Parkinson’s disease (PD) is one of the most well-known neurodegenerative disease. In relation to PD, Behl et al. [8,9,10] published three review papers. Firstly, Behl et al. [8] delineated the role of peroxisome proliferator-activated receptors (PPARs), ligand-directed transcription factors, in PD. Secondly, Behl et al. [9] described the metabolism of redox-active metals such as iron (Fe) and copper (Cu) in the central nervous system (CNS) and their role and disrupted balance in PD. Thirdly, Behl et al. [10] reviewed the neuroprotective role of numerous neuropeptides such as substance P, ghrelin, neuropeptide Y, neurotensin, pituitary adenylate cyclase-activating polypeptide (PACAP), nesfatin-1, and somatostatin in PD. In an original article, Haque et al. [11] investigated the role of the proton-activated G protein-coupled receptor 4 (GPR4) in a 1-methyl-4-phenyl-1,2,3,6-tetrahydropyridine (MPTP)-induced mouse model of PD and found that a selective GPR4 antagonist reduced dopaminergic cell death, improved motor function, decreased pro-apoptotic marker Bax protein levels, and increased anti-apoptotic marker bcl-2 protein levels in the substantia nigra pars compacta and striatum.
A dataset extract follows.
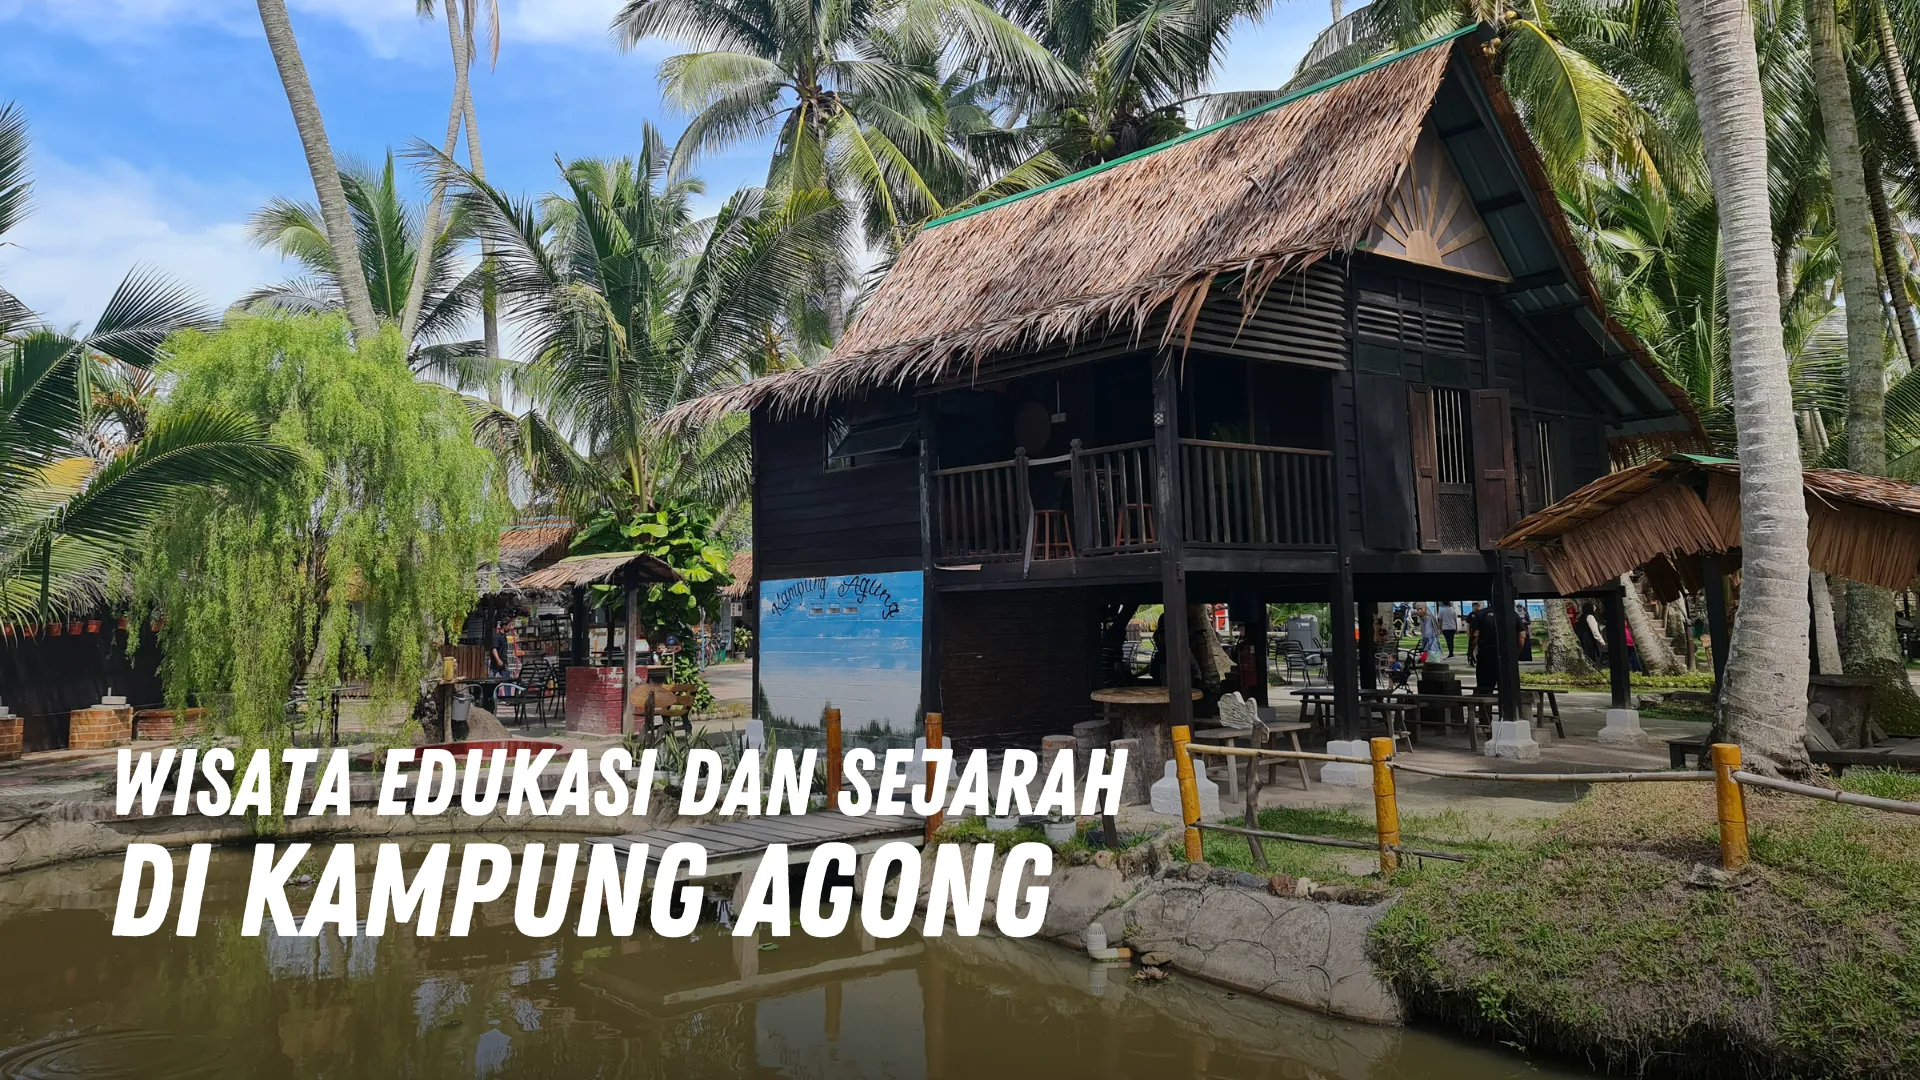 Wisata Edukasi dan Sejarah Di Kampung Agong Malaysia

These results suggest the neuroprotective effects of GPR4, which is involved in caspase-mediated apoptosis in the substantia nigra pars compacta and striatum.

The visual system of experimental animals has been used to study the degenerative and regenerative capability of CNS neurons. Using an animal model of intraorbital optic nerve transection (IONT), Gallego-Ortega et al. [12] investigated the neuroprotective effects of 7,8-dihydroxiflavone (DHF) and found that IONT induced the functional impairment of the retinal ganglion cells (RGCs), and such a deficit was prevented by DHF in various types of RGCs. These findings imply the neuroprotective role of DHF in the optic nerve.

It has been known that many different types of injury affect brain functions, leading to complex mechanisms of neurological disorders. Obtaining a better understanding of the pathophysiological mechanisms of neuronal death and neuroprotection may contribute to the diagnosis and therapy of deteriorated brain functions, thus preserving normal functions.